▸ Records for the exercise:
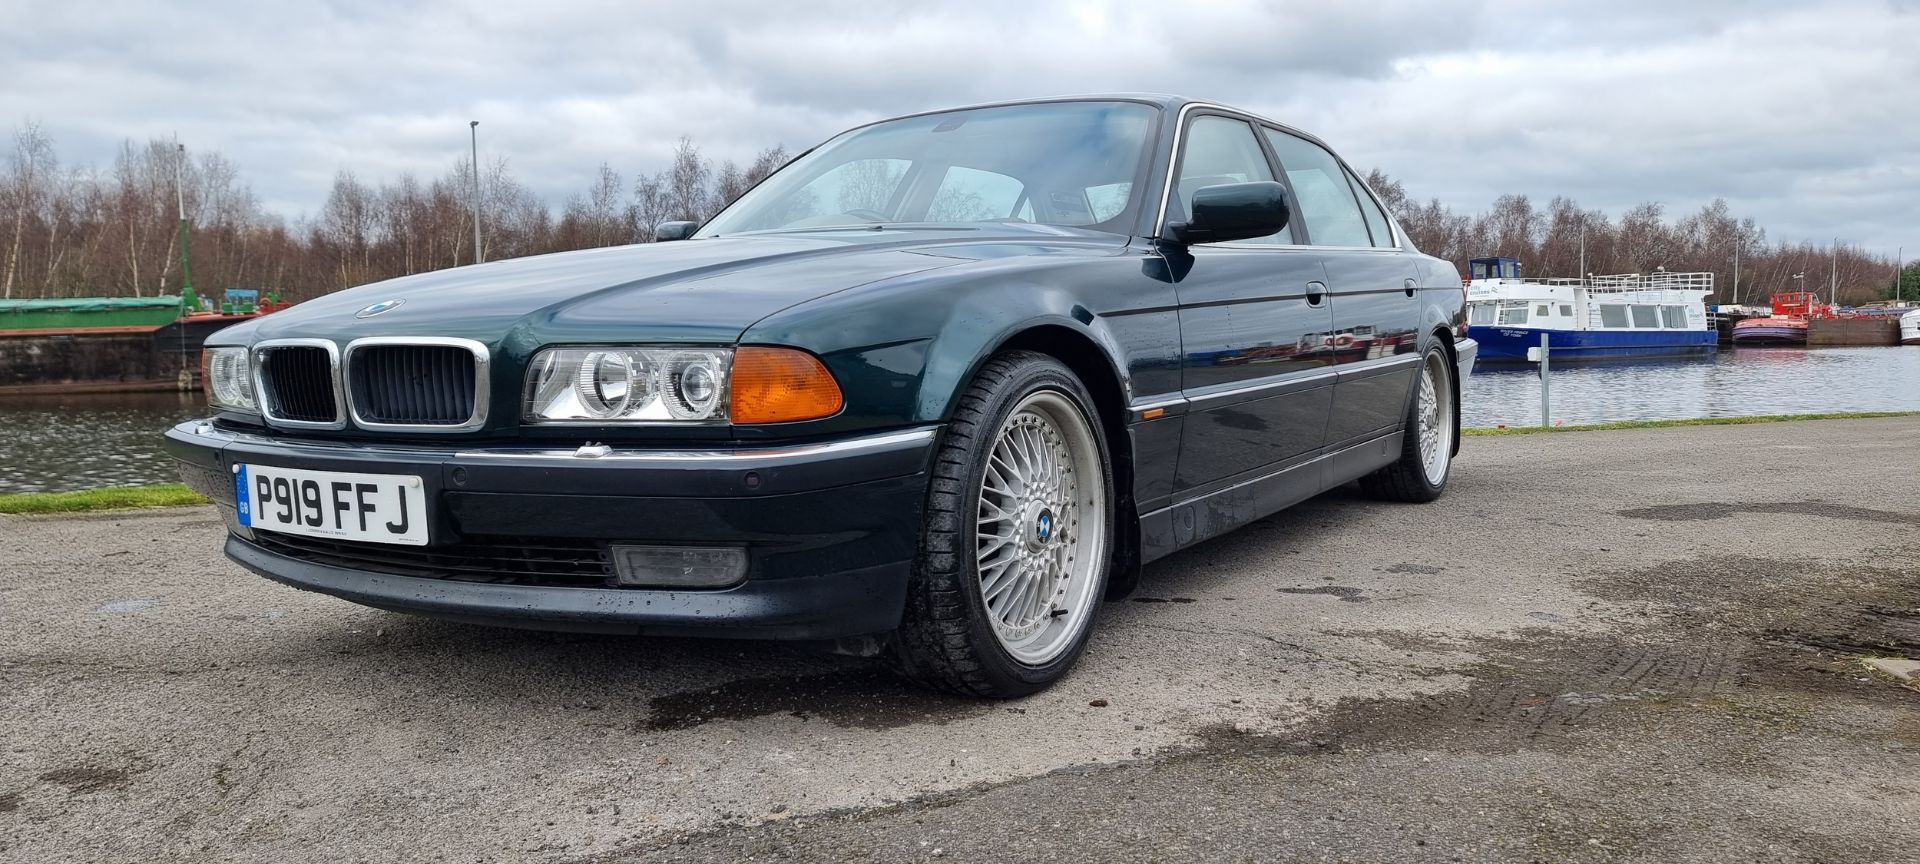 1996 BMW 740iL, 4398cc. Registration number P919 FFJ. Chassis number WBAGJ82060DB29182. Engine - Image 2 of 30
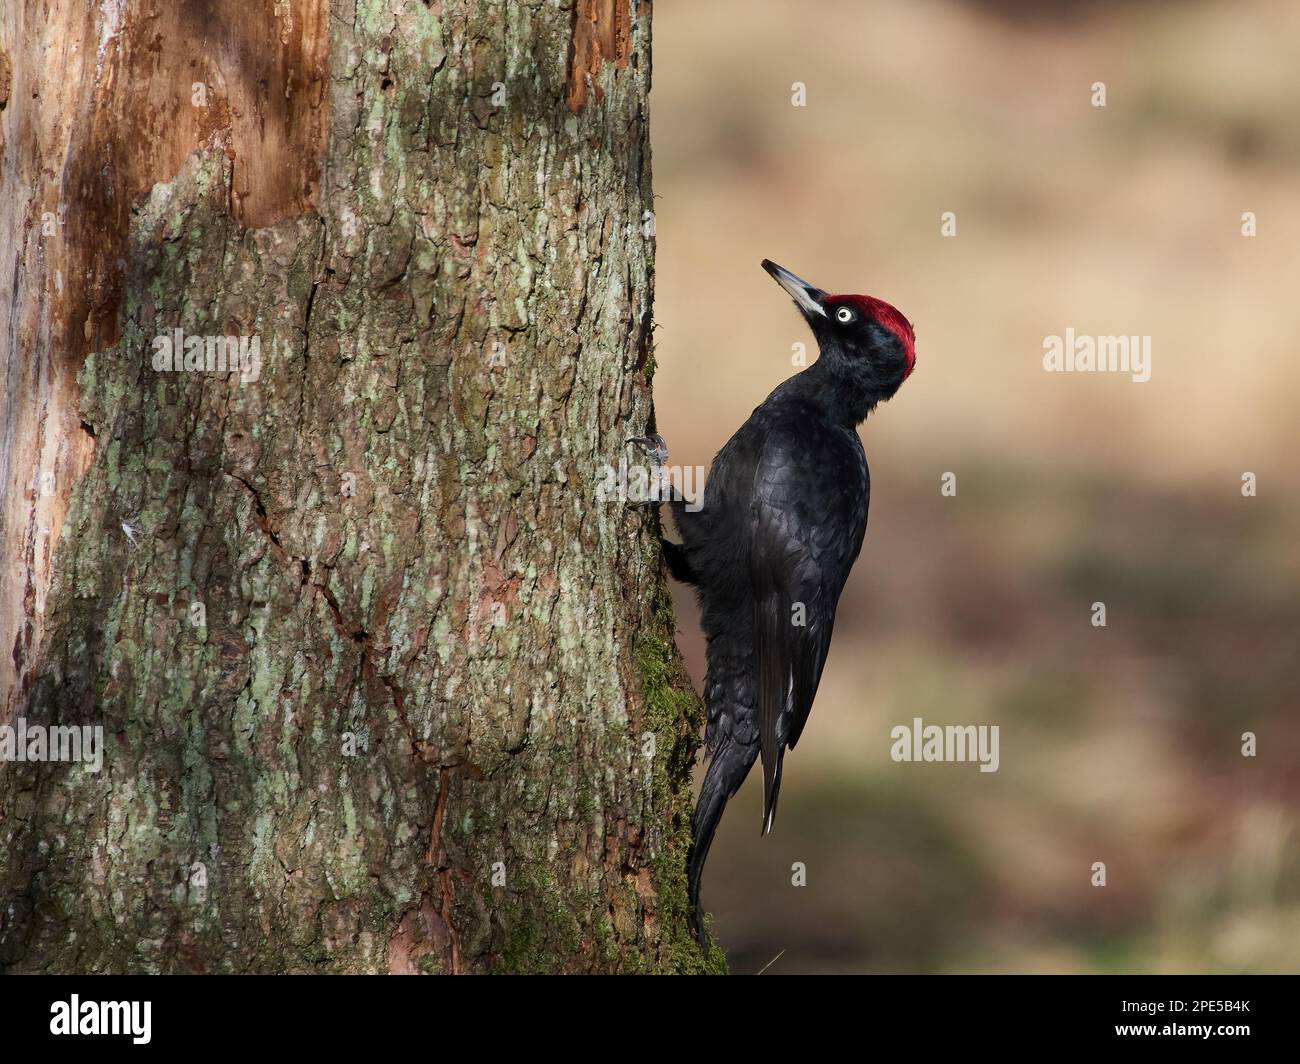 Black woodpecker (Dryocopus martius) in its natural environment Stock Photo
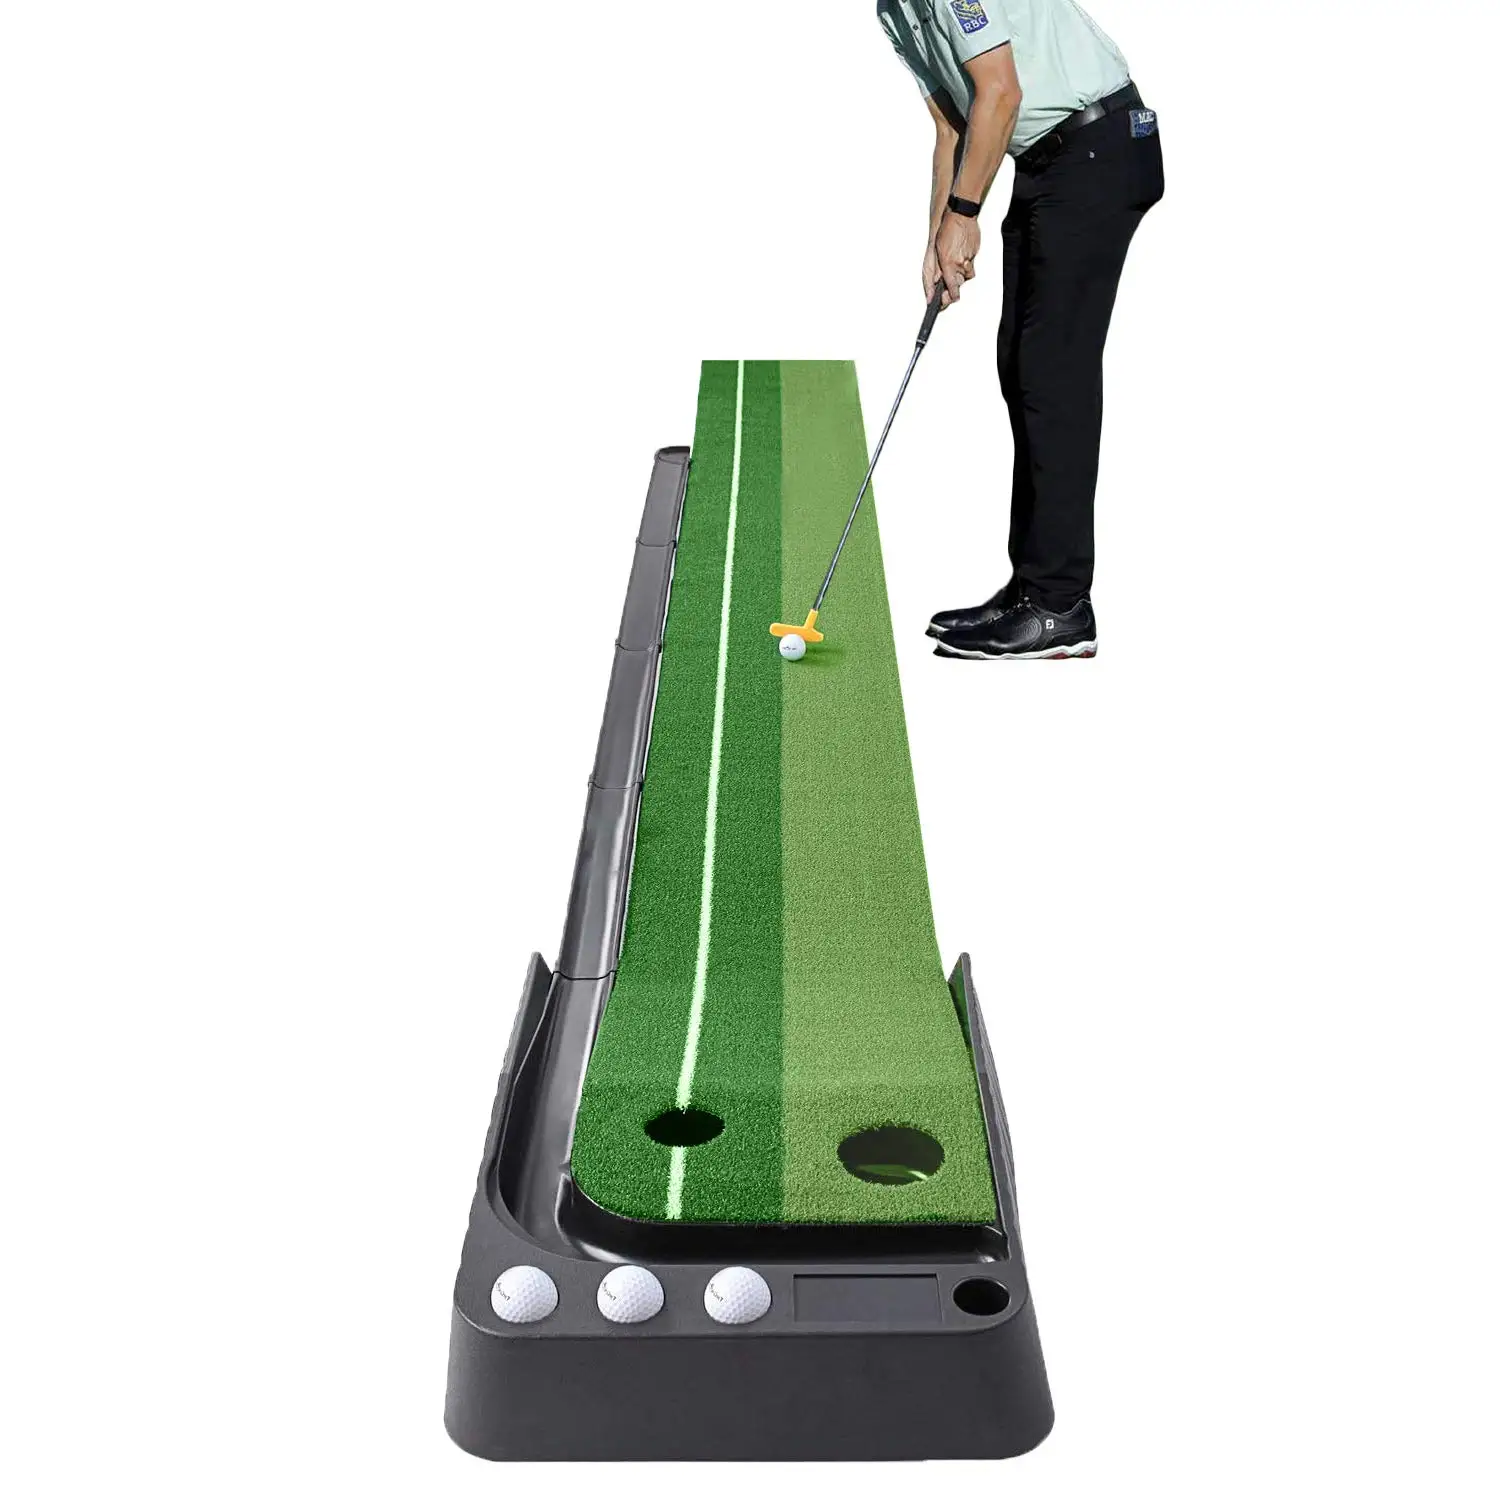 

Golf Putting Mat Indoor Putting Green with Ball Return Including 3 Training Balls-9.84ft Long Golf Game Carpet Simulator
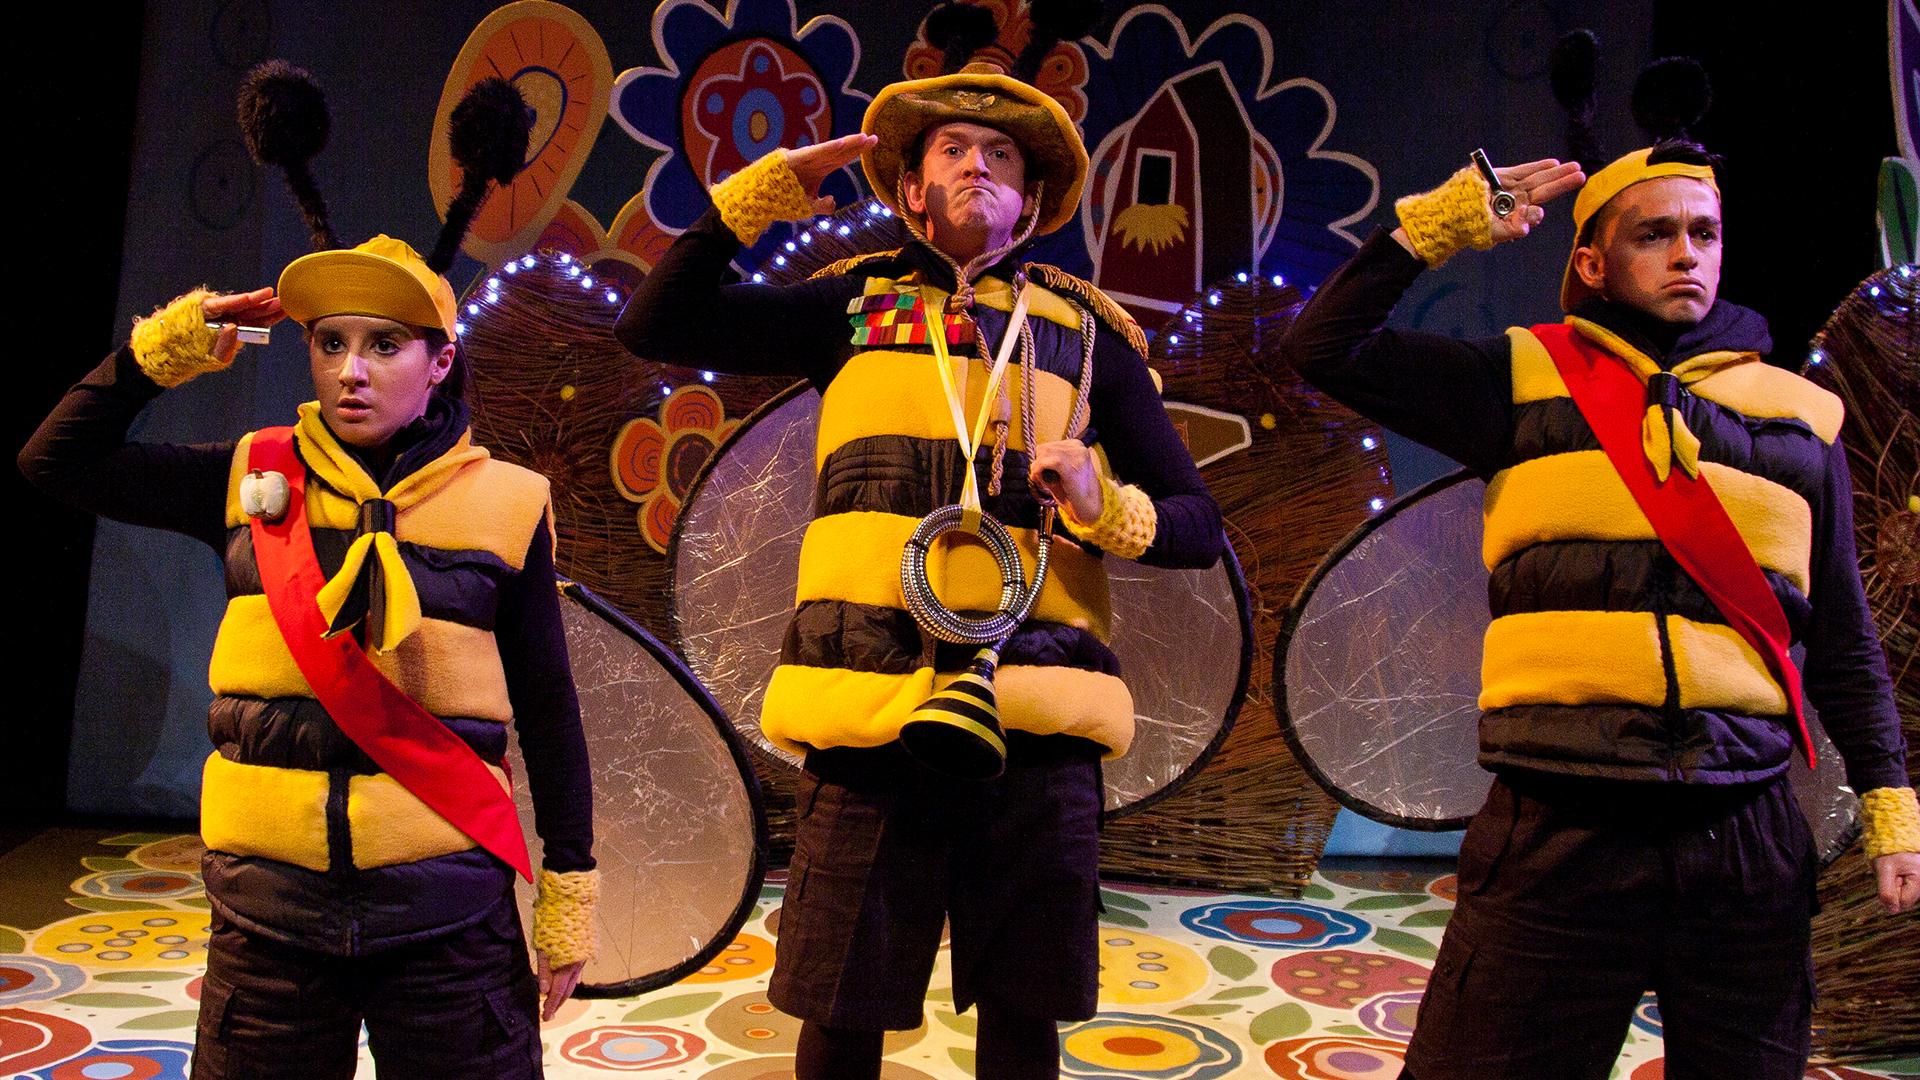 Three people dressed as bees standing saluting
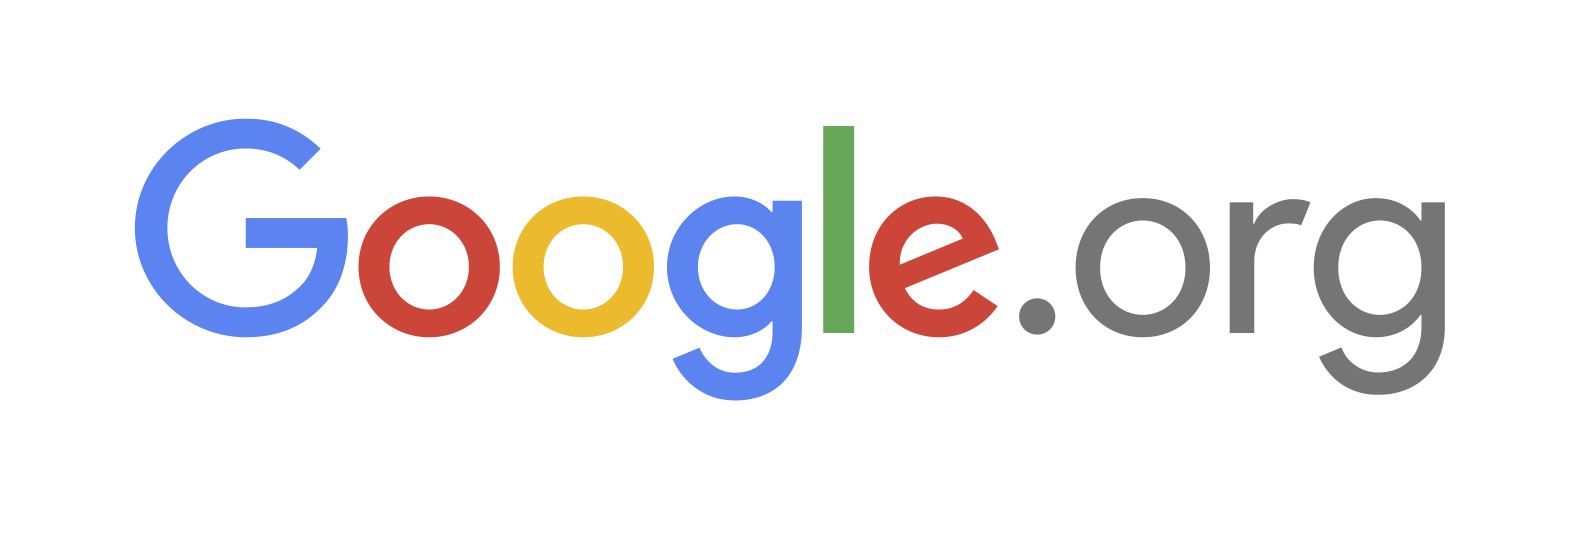 Google_org_logo_color-61c0541bc394aa58bc2320083df002c7.jpg

▸ Aim of the exercise:
All of the entries must be reproduced exactly, with no pictures kept.

▸ Exercise output:
 1996 BMW 740iL, 4398cc. Registration number P919 FFJ. Chassis number WBAGJ82060DB29182. Engine - Image 2 of 30
 Black woodpecker (Dryocopus martius) in its natural environment Stock Photo

Golf Putting Mat Indoor Putting Green with Ball Return Including 3 Training Balls-9.84ft Long Golf Game Carpet Simulator
 Three people dressed as bees standing saluting
 Google_org_logo_color-61c0541bc394aa58bc2320083df002c7.jpg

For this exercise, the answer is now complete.